NVIDIA / cccl

CUDA Core Compute Libraries
Other
977 stars 119 forks source link

[FEA]: Add support for multi-reductions (tuple) #1842

Open luitjens opened 4 weeks ago

luitjens commented 4 weeks ago

Is this a duplicate?

Area

CUB

Is your feature request related to a problem? Please describe.

When performing multiple reductions back to back the compiler is unable to effectively hide latency by interleaving instructions from each reduction. I wrote a prototype multi-reduction which uses variadic templates and tuples in order to move the butterfly loop outside of the tuple loop thereby allowing each independent member of the tuple to hide latency across other members of the tuple.

Here is a godbolt with this sample code: https://godbolt.org/z/qGs7TxjTW

One data point we have found is that for one CFD code they got a 1.5x speedup using a multi-reduction over just calling reduce repeatedly.

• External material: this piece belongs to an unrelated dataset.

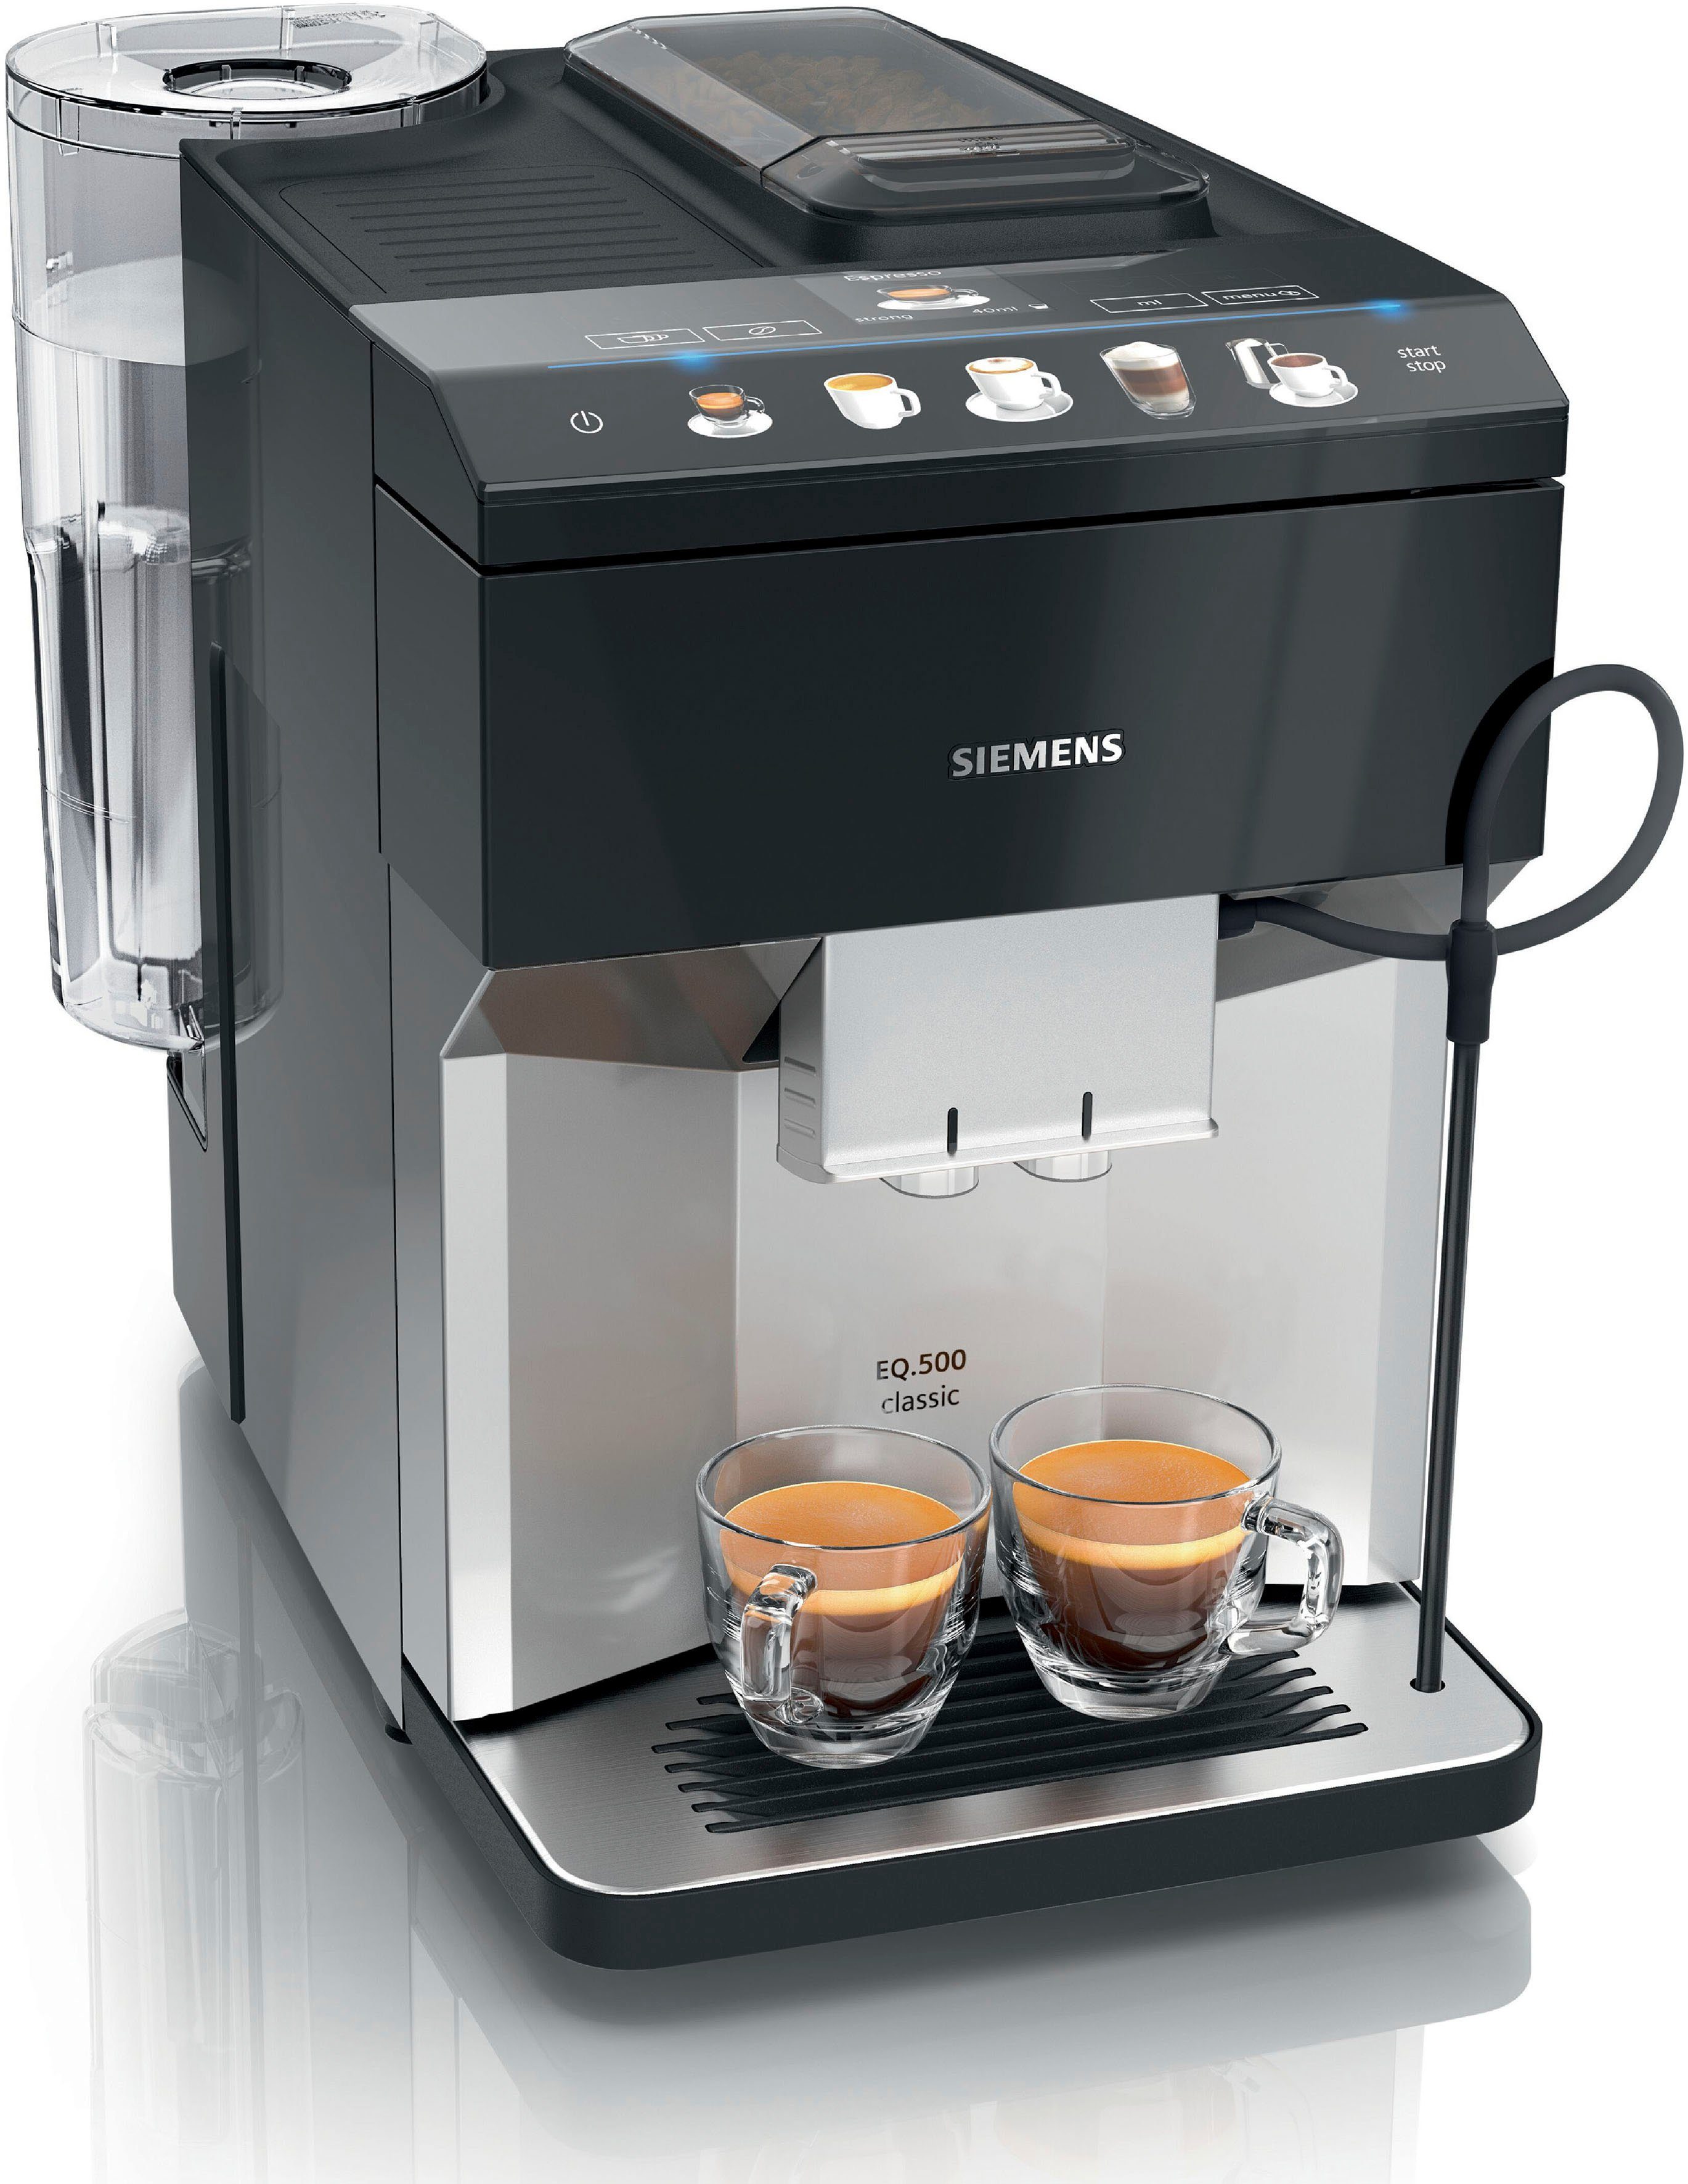 SIEMENS Kaffeevollautomat EQ.500 classic, TP505D01 | OTTO

Describe the solution you'd like

https://godbolt.org/z/qGs7TxjTW

Describe alternatives you've considered

No response

Additional context

No response

bernhardmgruber commented 4 weeks ago

Hi! Thanks for raising awareness for this use case! From the top of my head I wondered whether you could achieve this using zip iterators and a tuple as accumulator. I could get that working with Thrust and CUB: https://godbolt.org/z/xYoPPh858. I don't know whether the generated code is efficient, but the API seems to allow this use case. Could you please have a look whether this can solve your use case? If not, please tell us more details on what you need concretely (like, what kind of API changes or extensions, or whether performance is suboptimal). Thanks a lot!